Participate in a summer teacher training course sponsored by the Galileo Teacher Training Program in the Canary Islands, home to some of the most technologically-advanced telescopes in the Northern Hemisphere, to gain knowledge about teaching astronomy and show students how data from telescopes can provide information about the composition of space and the origin of the universe.
I was able to see and explore some of the greatest telescopes in the world through my fellowship experience. In addition, I've been trained on several software programs that will allow my students to take images of astronomical objects. As a result of taking the course, I have access to 30 hours of observation time for imaging astronomical objects. In addition, I've made great contacts that can help support me in the evolution of my high school's astronomy curriculum.
I see myself being able to take more risks and try new things with my astronomy class. So far, I've purchased an app (Night Cap) for astrophotography that can be done on my smartphone. I also purchased a few tripods for my students to be able to try to take images on their phones at home. With unspent funds, I've purchased binoculars (recommended by a fellow peer in the course) so that my students can try to identify and locate astronomical objects.
I rented a car for the trip because it was a long commute from the hotel to the university. I didn't realize that the driving would be so difficult. There are traffic circles all over the island! Driving turned out to be more stressful than planned. I was surprised when discussing our lives as teachers in various countries. All of the other teachers asked me if I was afraid to teach in the United States because we have so many school shootings. I was unaware of that global perspective.
My students will be able to learn differently by utilizing the educational observation time available from my participation in the course. In addition, I will be able to discuss future careers as astrophysicists with students and the possibility that they could study at the Institute of Astrophysics in the Canary Islands.

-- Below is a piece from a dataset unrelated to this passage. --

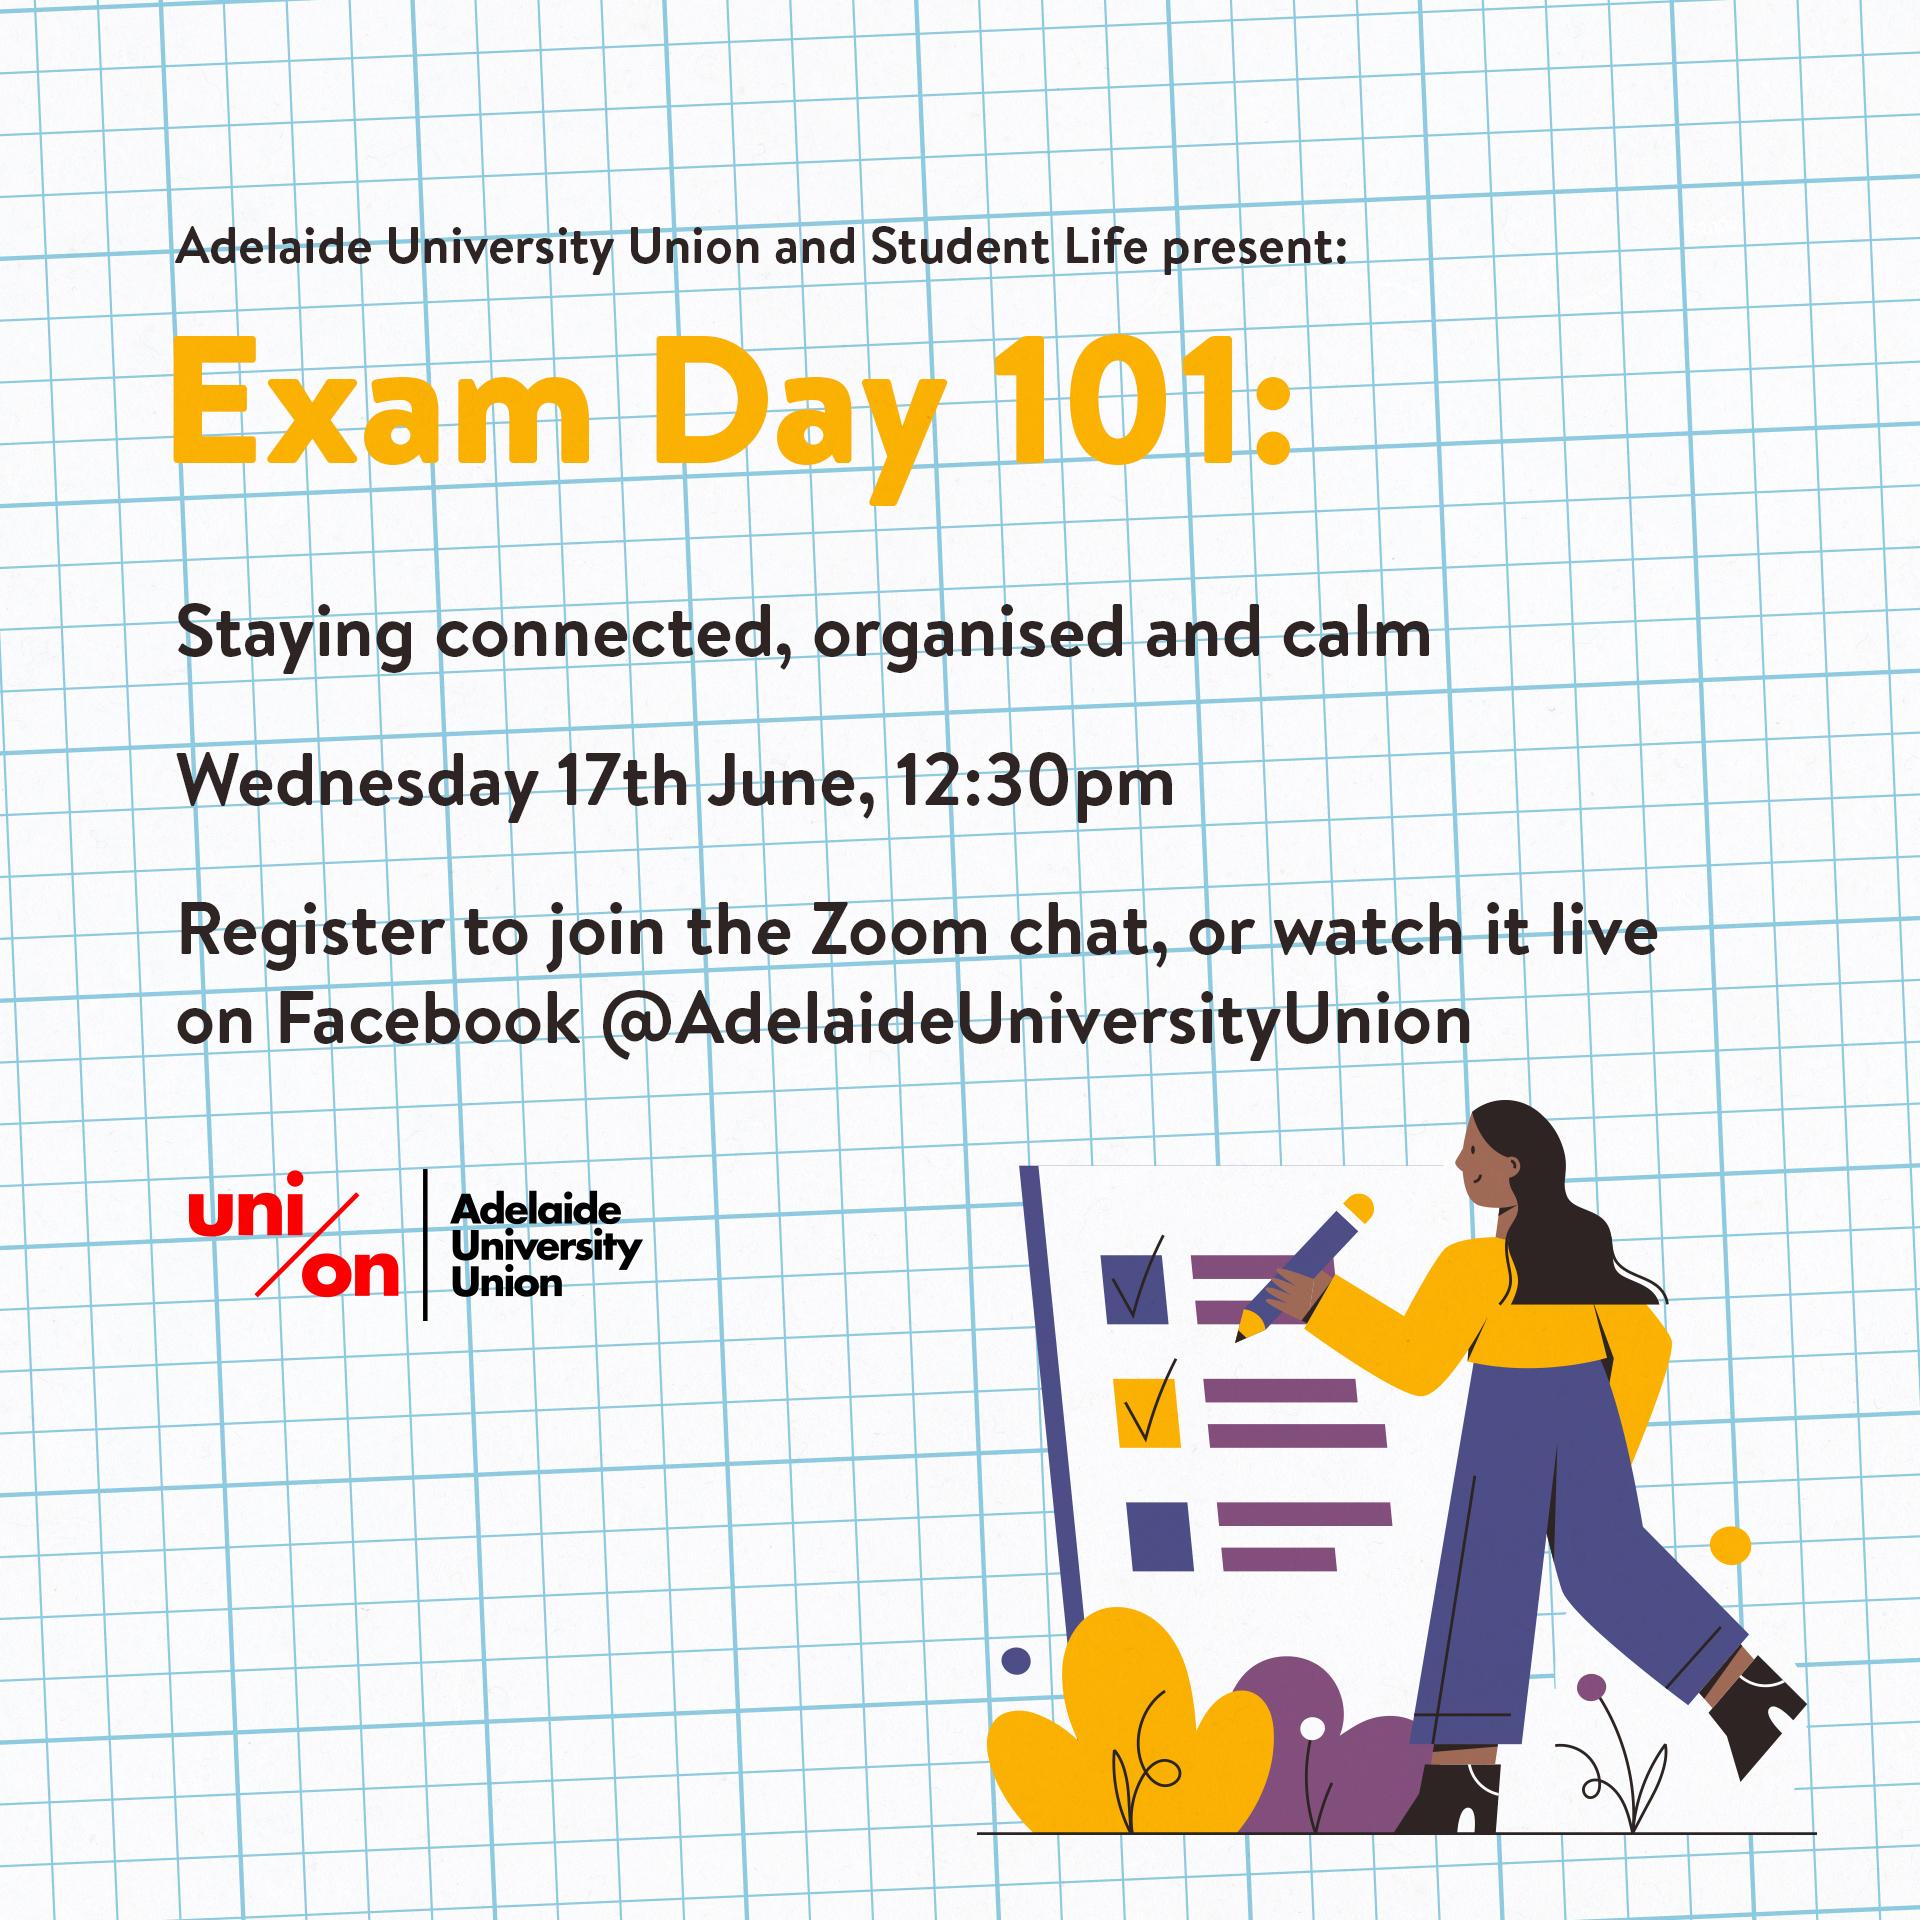 Image says: Adelaide University Union and Student Life present: Exam Day 1010. Staying Connected, organised and calm. Wed 17 June, 12.30pm. Register to join the Zoom chat or watch on Facebook.
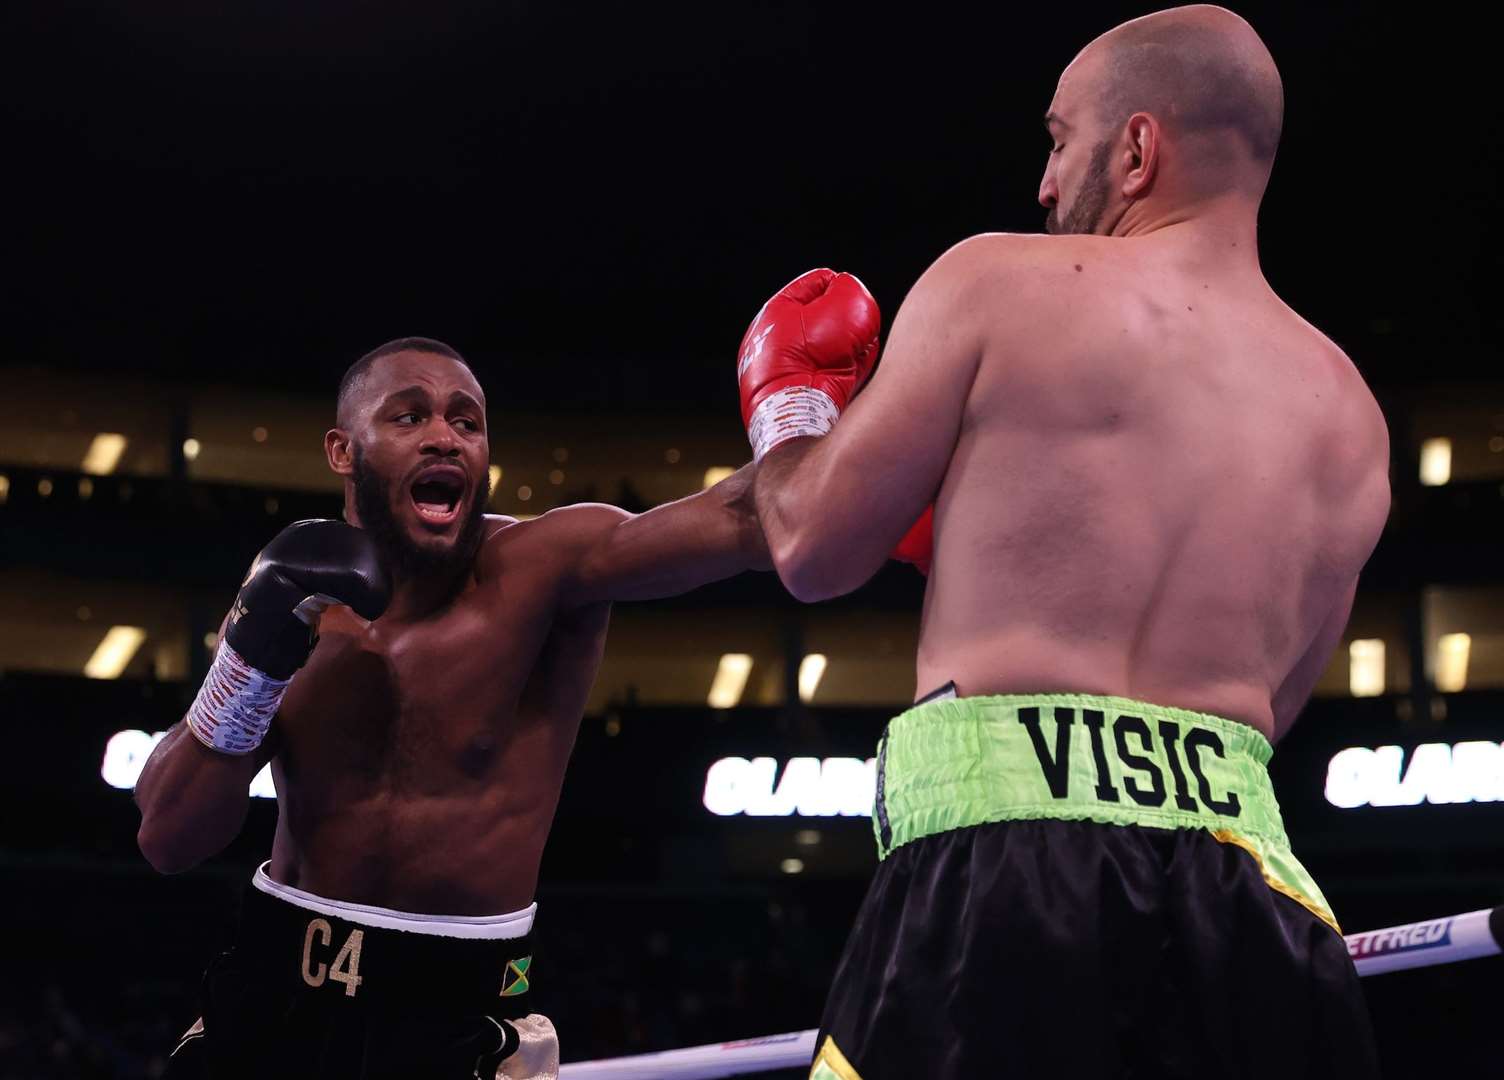 Gravesend's Cheavon Clarke in full flow against Toni Visic. Picture: Mark Robinson/Matchroom Boxing

My students will be able to use the binoculars that I purchased with unspent funds to view the night sky at home. In addition, I am planning monthly star parties for my students to be able to view the night sky with telescopes. Finally, I am hoping that my students will be able to analyze their own astronomical images via the robotic telescope access. I was trained on 2 different software platforms and the IT department is in the process of approving them for installation on computers.
By participating in this course, I've gained confidence in my knowledge in the field of astronomy and its application in our every day lives. I have recently joined a nonprofit organization (Stars to STEM) in my community that is trying to restore the planetarium at our high school since the project was removed due to its heavy metal content. In addition, I have become a co-advisor for our high school astronomy club and I believe that I am able to really contribute to these groups.
On a macro-level, this opportunity was transformative because it has a beautiful ripple effect. I can appreciate what it is like to be a student, with questions and curiosity about topics. I know what it is like to feel unsure of myself and can respect my students learning new material with me. In addition, I can inspire my colleagues to dream up a learning adventure and watch it come to life.
Students benefit from this type of learning because it's a first hand experience for their teachers. When I first surveyed my students this year on what they like to have in a teacher, they said enthusiasm about their subject. By traveling and seeing the vastness of the telescopes and the collaboration by so many scientistists from so many countries, I was so inspired to talk about the universe and objects within it. I can tell my students that careful writing can award them opportunities.
The fellowship has changed my personal perspective because I've come to realize how large the field of astrophysics is and that so many countries collaborate on these projects that involve observing the origin of the universe and objects within it. It is interesting to discuss the culture of the people where I visited and relay how humbling it is to be the only American in a class.